GitHub - MoSafi2/BlazeSeq: High-Performance FASTQ Parsing for Mojo

High-Performance FASTX Parsing for Mojo — Zero-Copy to GPU

A high-throughput FASTQ parser written in Mojo. BlazeSeq targets several GB/s throughput from disk using zero-copy parsing, with owned records and GPU-friendly batching for read pipelines. It also supports streaming FASTA and samtools-style .fai index files (five- or six-column rows from faidx, index metadata only). Multithreaded gzip decompression uses rapidgzip (rapidgzip). Configurable validation is available — all through a single unified API.

✨ Key Features

SIMD-accelerated scanning — Vectorized from the ground up using mojo SIMD first-class support.
Three parsing modes — Choose your trade-off between speed and convenience:
- views() — Zero-copy views (fastest, borrow semantics)
- records() — Owned records (thread-safe)
- batches() — Structure-of-Arrays for GPU upload
Compile-time validation toggles — Enable/Disable ASCII/quality-range checks at compile time for maximum throughput
Rapidgzip with parallel decoding — Gzipped FASTQ (.fastq.gz) is decompressed in parallel across multiple threads for high throughput; tune with the parallelism.
FASTA and FAI — Streaming FASTA parsing and .fai index files; see the API reference for FastaParser and FaiParser.

Quick Start

Mojo package from repo (Pixi)

Use BlazeSeq as a Mojo dependency in your project. Install pixi first, then add BlazeSeq to your pixi.toml:

[dependencies]
blazeseq = { git = "https://github.com/MoSafi2/BlazeSeq", branch = "main" }

Then run pixi install and use the full Mojo API (e.g. FastqParser, FastaParser, FaiParser, views(), batches(), GPU batching).

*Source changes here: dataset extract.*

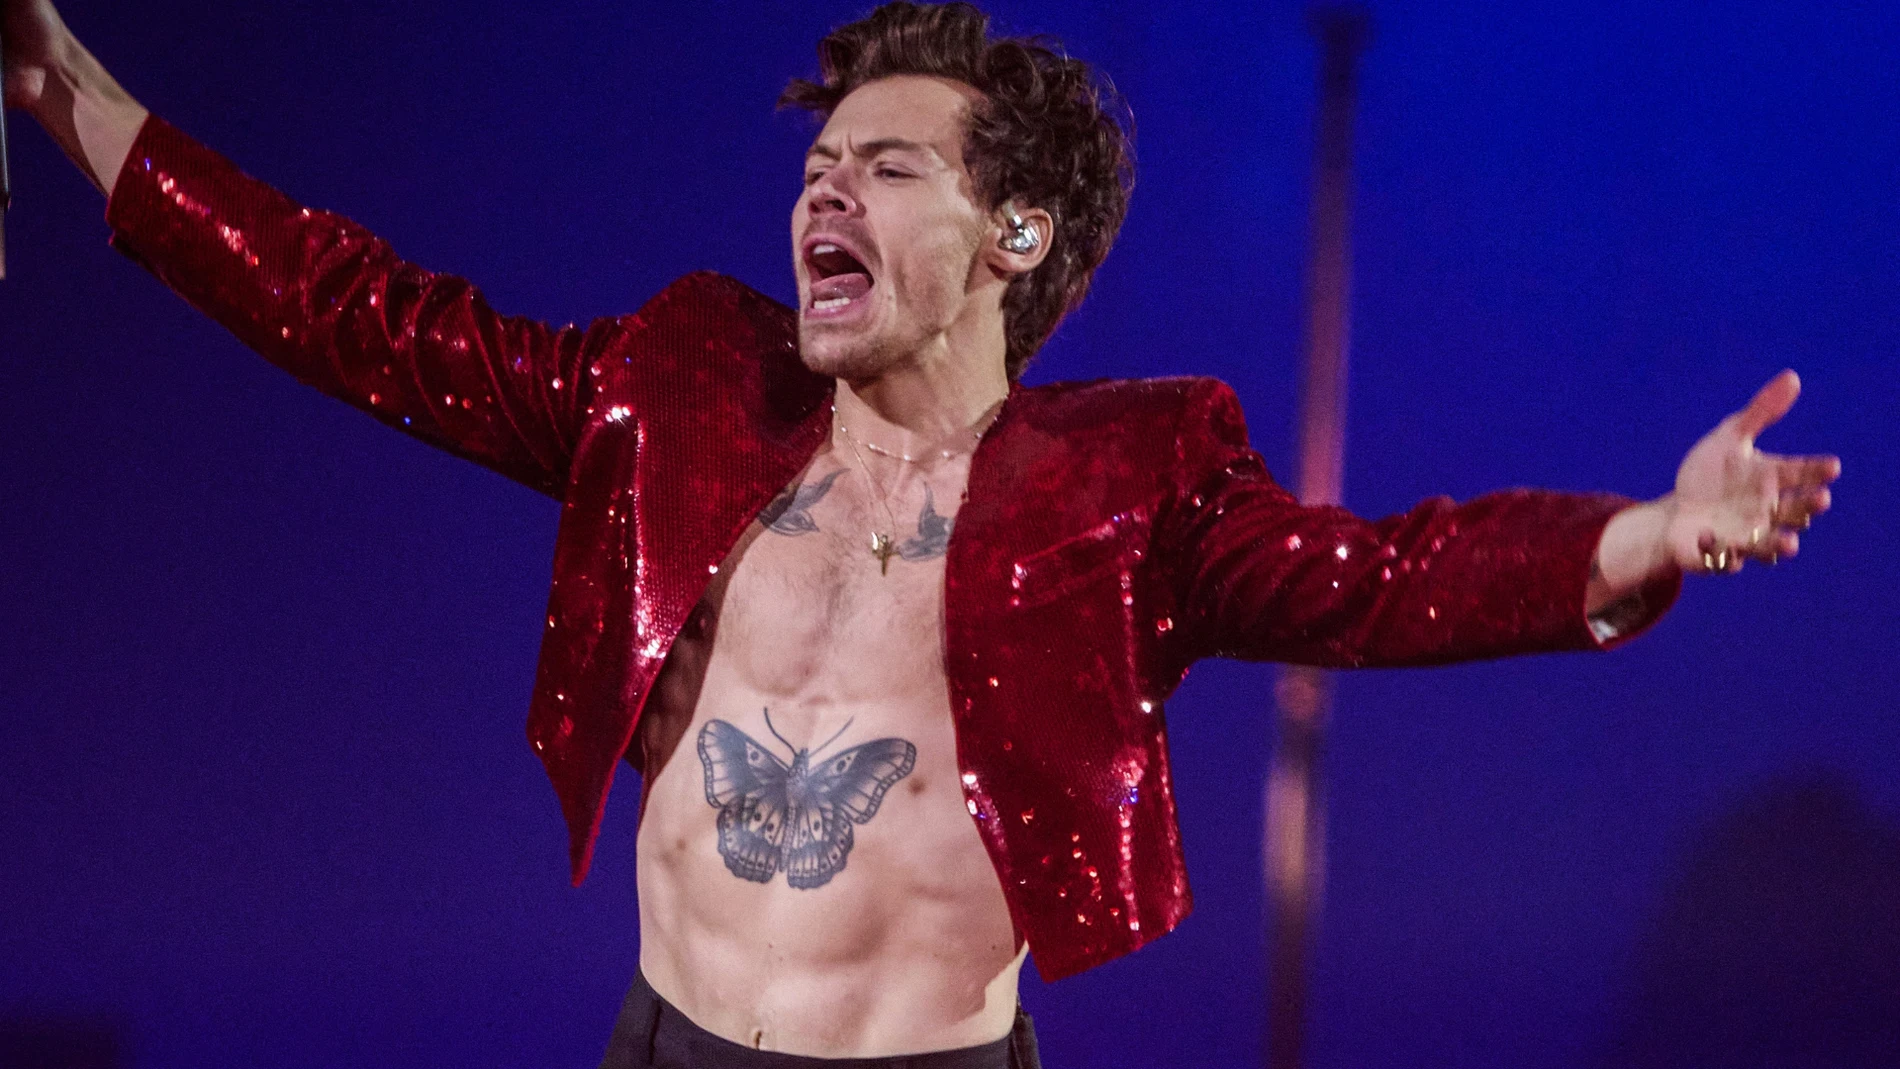 Los cuatro pezones de Harry Styles: las imágenes del cantante sin camiseta

Python bindings (experimental)

Python bindings are available via a wheel-only package on PyPI. They are experimental and may change. Install with pip install blazeseq or uv pip install blazeseq. Usage and API are documented in python/README.md.

🛠 Usage examples

# FastqParser with and without validation
pixi run mojo run examples/example_parser.mojo /path/to/file.fastq

# GPU needleman-wunsch global alignment (requires GPU)
pixi run mojo run examples/nw_gpu/main.mojo

Count reads and base pairs

from blazeseq import FastqParser, FileReader
from pathlib import Path

def main() raises:
    var parser = FastqParser(FileReader(Path("data.fastq")), "sanger")
    var reads = 0
    var bases = 0
    for record in parser.records():
        reads += 1
        bases += len(record)
    print(reads, bases)

Maximum speed (validation off)

from blazeseq import FastqParser, ParserConfig, FileReader
from pathlib import Path

def main() raises:
    comptime config = ParserConfig(check_ascii=False, check_quality=False)
    var parser = FastqParser[config=config](FileReader(Path("data.fastq")), "generic")
    for view in parser.views():   # zero-copy
        _ = len(view)

Batched (for GPU pipelines)

from blazeseq import FastqBatch
from gpu.host import DeviceContext

var ctx = DeviceContext()
var parser = FastqParser(FileReader(Path("data.fastq")), schema="generic", batch_size=4096)
for batch in parser.batches():
    # batch is a FastqBatch (Structure-of-Arrays)
    var device_batch = batch.to_device(ctx)   # GPU upload
    # Your GPU kernel, check examples

Reading gzip (rapidgzip, parallel decoding)

BlazeSeq uses RapidgzipReader for gzipped FASTQ. It performs parallel decompression: the compressed stream is split into chunks and multiple threads decode them concurrently resulting in much higher throughput than single-threaded readers through zlib or libdeflate .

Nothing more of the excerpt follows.